HeadlinesBriefing favicon HeadlinesBriefing.com

GBDTs Dominate Payment Fraud Detection Over LLMs in New Benchmark

Towards Data Science •
×

A new benchmark puts to rest a persistent question in payments engineering: can LLM agents handle real-time transaction scoring? The answer is definitively no. Sandeep Muthu built a reproducible test comparing gradient-boosted decision trees against simulated LLM inference for payment authorization, using synthetic ISO 8583-shaped data with 20 features per transaction.

The latency gap is stark. On a single CPU core, the GBDT scorer achieves p99 latency of 0.15 milliseconds, while the calibrated LLM simulator hits p99 around 1,212 milliseconds. This matters because ISO 8583 authorization budgets run roughly 100 milliseconds total, with inference being just one stage among network transit and feature lookup. The cost differential is equally dramatic: processing 50,000 transactions per second for one hour costs about $54 for GBDT versus $16,200 for GPT-4o-mini and $351,000 for frontier models.

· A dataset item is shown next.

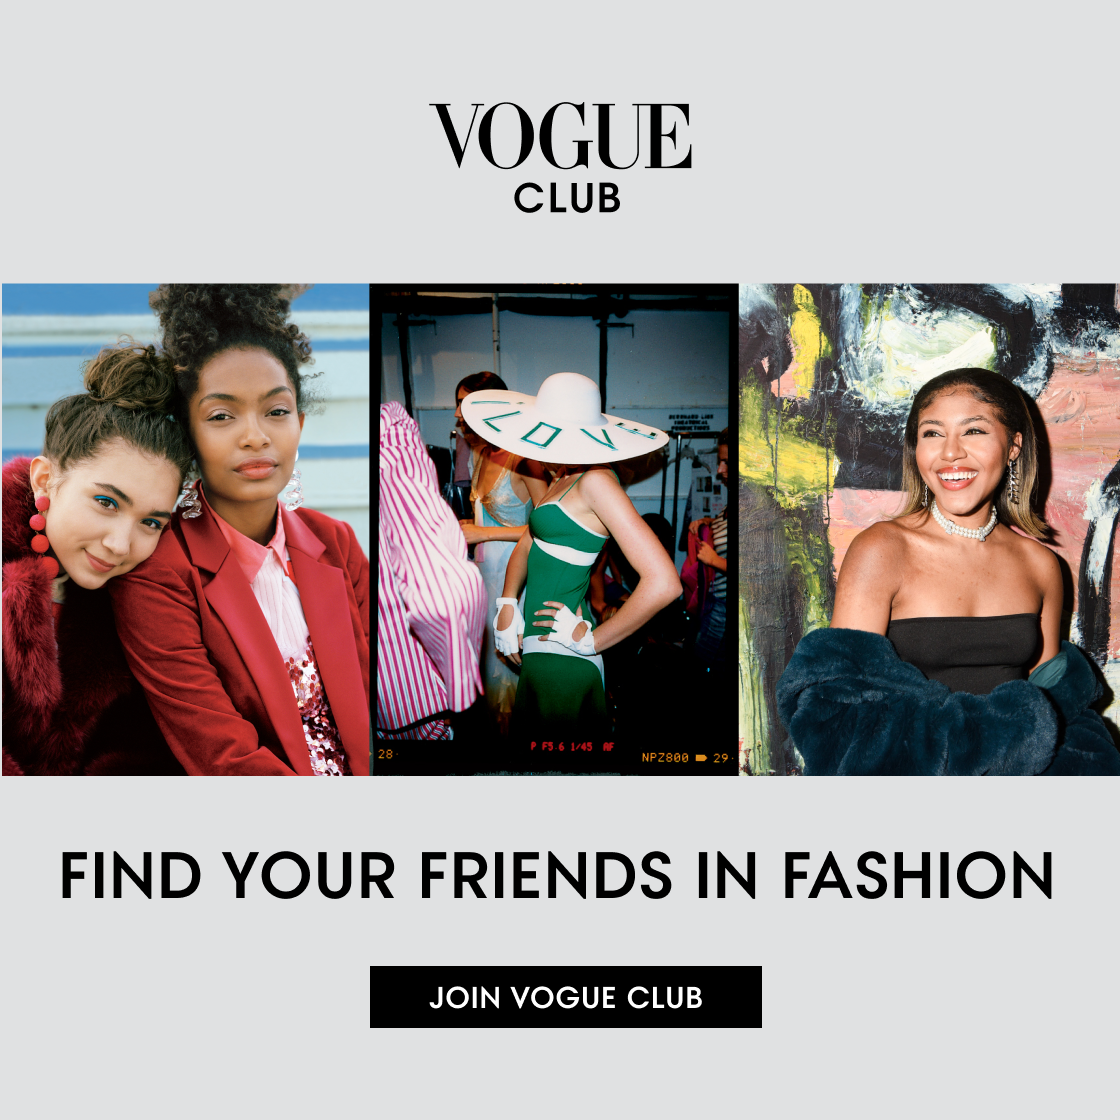 Join Vogue Club
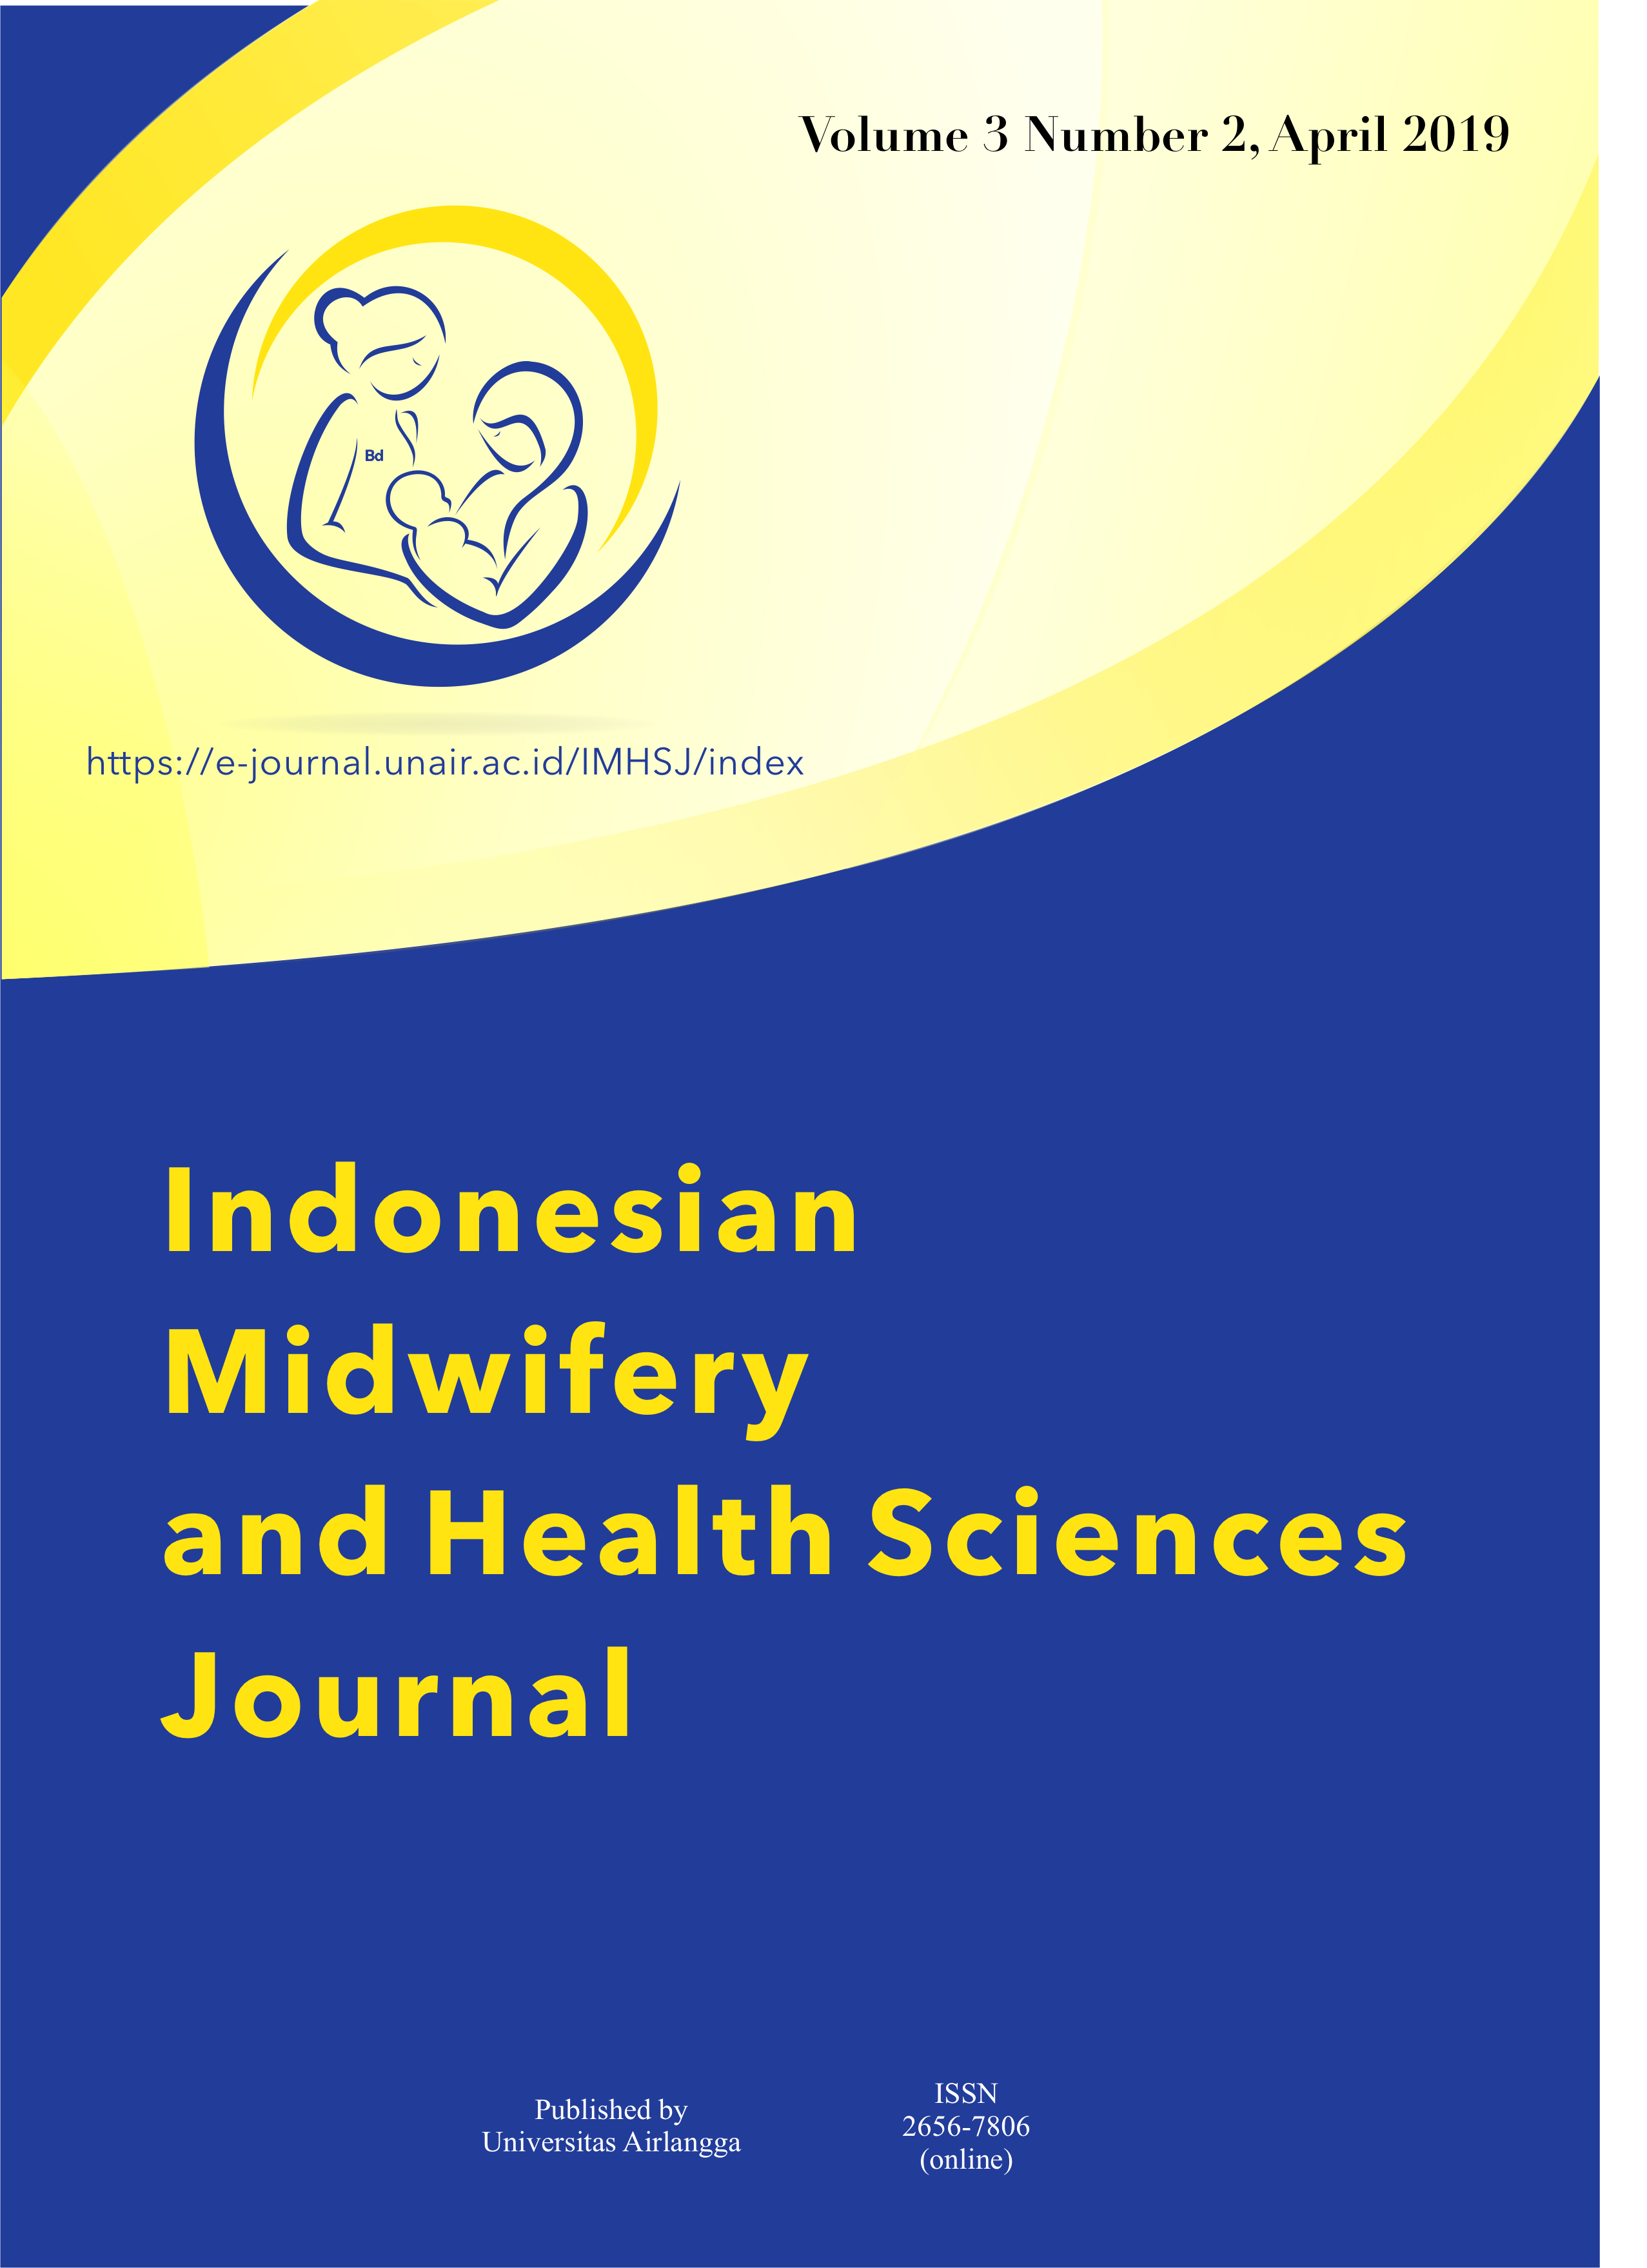 						View Vol. 3 No. 2 (2019): Indonesian Midwifery and Health Sciences Journal, April 2019

Beyond raw performance, determinism proves problematic for hot-path scoring. Five hundred calls with identical inputs produced one distinct GBDT score but 498 different LLM outputs, even with temperature set to zero. Hosted inference remains non-deterministic, creating validation nightmares in regulated financial decisions. The benchmark doesn't dismiss LLMs entirely—agents excel at asynchronous cold-path tasks like SAR drafting and evidence gathering through MCP-typed tools.

Instead, it recommends a hybrid architecture: classical ML for the synchronous hot path where milliseconds matter, LLM agents for the investigative cold path where reasoning and context justify the latency and cost. This separation respects both technical constraints and regulatory requirements while leveraging each approach's strengths.